Pressure	How to Apply
Time	"We need this in 10 minutes"
Sunk cost	"You've already written the code"
Authority	"The senior dev said skip tests"
Exhaustion	"It's 2am and this is the last task"
Apparent simplicity	"It's just a one-line change"

Testing Different Skill Types

Discipline-Enforcing Skills

Academic questions: Do they understand rules?
Pressure scenarios: Do they comply under stress?
Multiple pressures combined
Identify rationalizations, add counters

Technique Skills

Application scenarios: Can they apply correctly?
Variation scenarios: Handle edge cases?
Missing information tests: Any gaps?

Pattern Skills

Recognition: Do they recognize when pattern applies?
Application: Can they use mental model?
Counter-examples: Know when NOT to apply?

Reference Skills

Retrieval: Can they find right information?
Application: Use what they found correctly?
Gap testing: Common use cases covered?

Bulletproofing Against Rationalization

Close Every Loophole Explicitly

Bad:

Write code before test? Delete it.

Good:

Write code before test? Delete it. Start over.

**No exceptions:**
- Don't keep it as "reference"
- Don't "adapt" it while writing tests
- Don't look at it
- Delete means delete

Address "Spirit vs Letter"

Add foundational principle:

**Violating the letter of the rules is violating the spirit of the rules.**

Build Rationalization Table

Capture every excuse from testing:

| Excuse | Reality |
|--------|---------|
| "Too simple to test" | Simple code breaks.

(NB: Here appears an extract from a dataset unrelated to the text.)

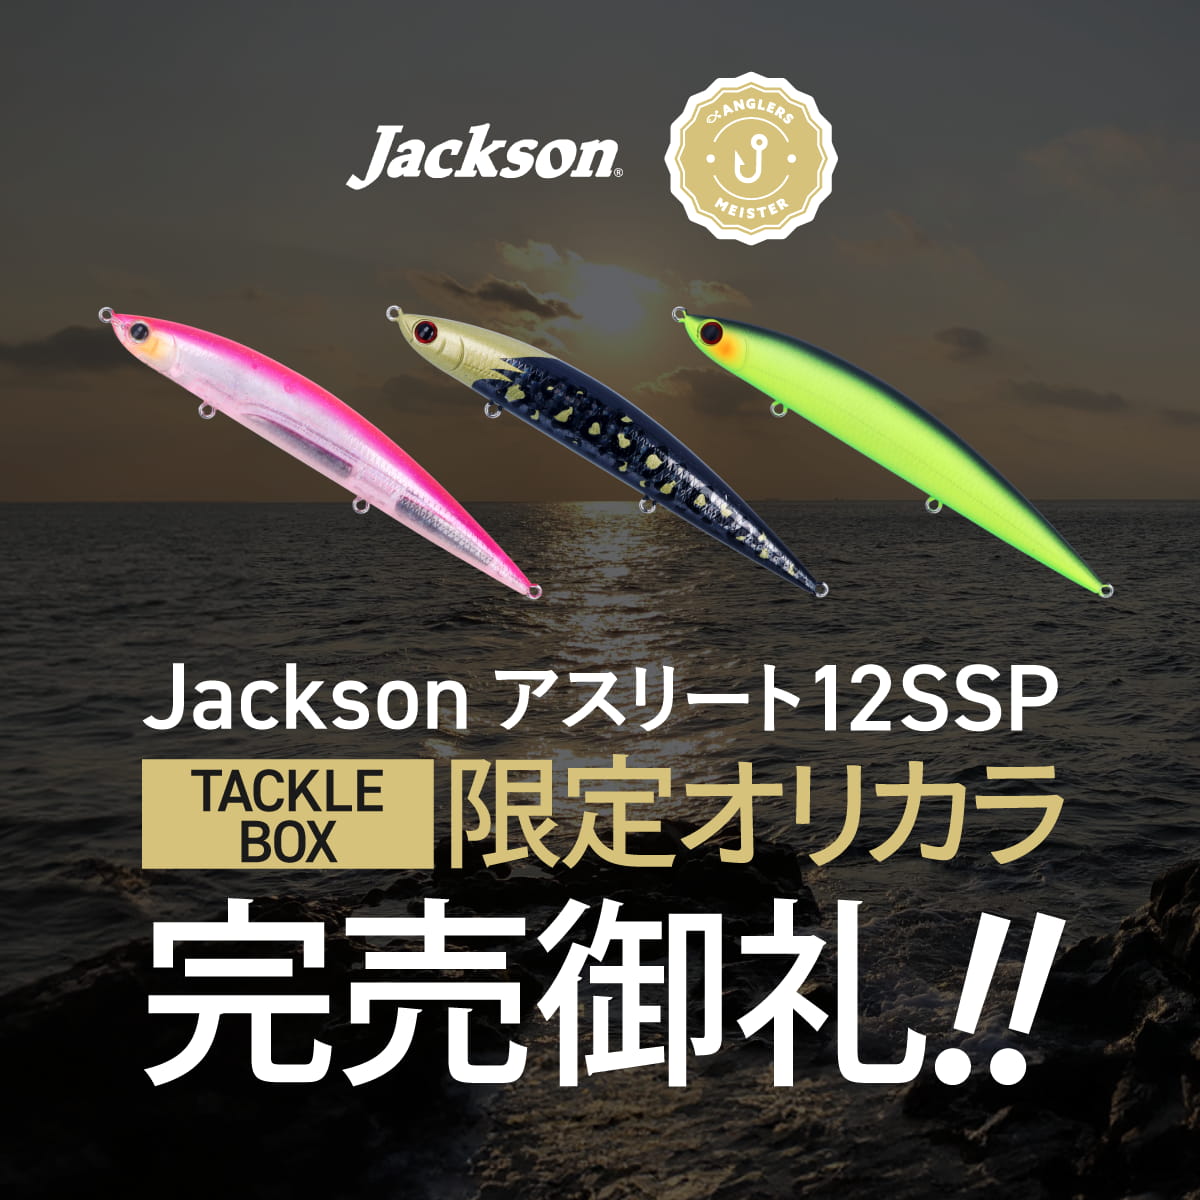 Jackson 【直販限定】アスリート Jackson×アングラーズマイスター

Test takes 30 seconds. |
| "I'll test after" | Tests passing immediately prove nothing. |
| "Tests after achieve same goals" | Different questions = different outcomes. |

Create Red Flags List

## Red Flags - STOP and Start Over

- Code before test
- "I already manually tested it"
- "Tests after achieve the same purpose"
- "It's about spirit not ritual"
- "This is different because..."

**All of these mean: Delete code. Start over with TDD.**

SKILL.md Structure for Hardened Skills

---
name: skill-name
description: Use when [specific triggers/symptoms, no workflow summary]
---

# Skill Name

## Overview
Core principle in 1-2 sentences.

## When to Use
- Bullet list with SYMPTOMS
- When NOT to use

## The Iron Law / Core Rule
Explicit rule with no loopholes.

**No exceptions:**
- Specific forbidden workarounds

## Red Flags
List of rationalizations to watch for.

## Rationalization Table
| Excuse | Reality |

## Implementation
Clear instructions.

## Common Mistakes
What goes wrong + fixes.

Integration with Other Skills

Previous Step	This Skill	Next Step
skill-bootstrap	skill-hardening	Deploy or skill-evolve
skill-extract-pattern	skill-hardening	Verify improved skill

STOP: Before Moving On

After hardening ANY skill, you MUST:

All pressure scenarios pass
Rationalization table complete
Red flags list created
No loopholes found in testing

Do NOT:

Skip testing because "it's obvious"
Move to next skill before current is bulletproof
Deploy without completing checklist

Example: Hardening a TDD Skill

RED Phase - Baseline (No Skill)

Scenario: "Quick fix needed, just add this feature"

Agent behavior:

Wrote implementation code immediately
Rationalization: "It's just a simple addition"
Said: "I'll write tests after to verify"

GREEN Phase - Minimal Skill

## The Iron Law

NO SKILL WITHOUT A FAILING TEST FIRST


Write code before test? Delete it. Start over.

Test result: Agent now writes test first.

REFACTOR Phase - Close Loophole

New rationalization discovered: "I'll keep the code as reference"

Updated skill:

**No exceptions:**
- Don't keep it as "reference"
- Don't "adapt" it while writing tests
- Delete means delete

Re-test: Passes.

Version

v1.0.0 (2025-01-28) - Hardening-focused refactor of writing-skills

Name	skill-hardening
Description	Bulletproof skills using Test-Driven Development. Use when creating discipline-enforcing skills, testing existing skills under pressure, or verifying skills work before deployment. Requires skill-bootstrap for initial creation. Triggers on "test skill", "harden skill", "bulletproof skill", "verify skill", "TDD for skills".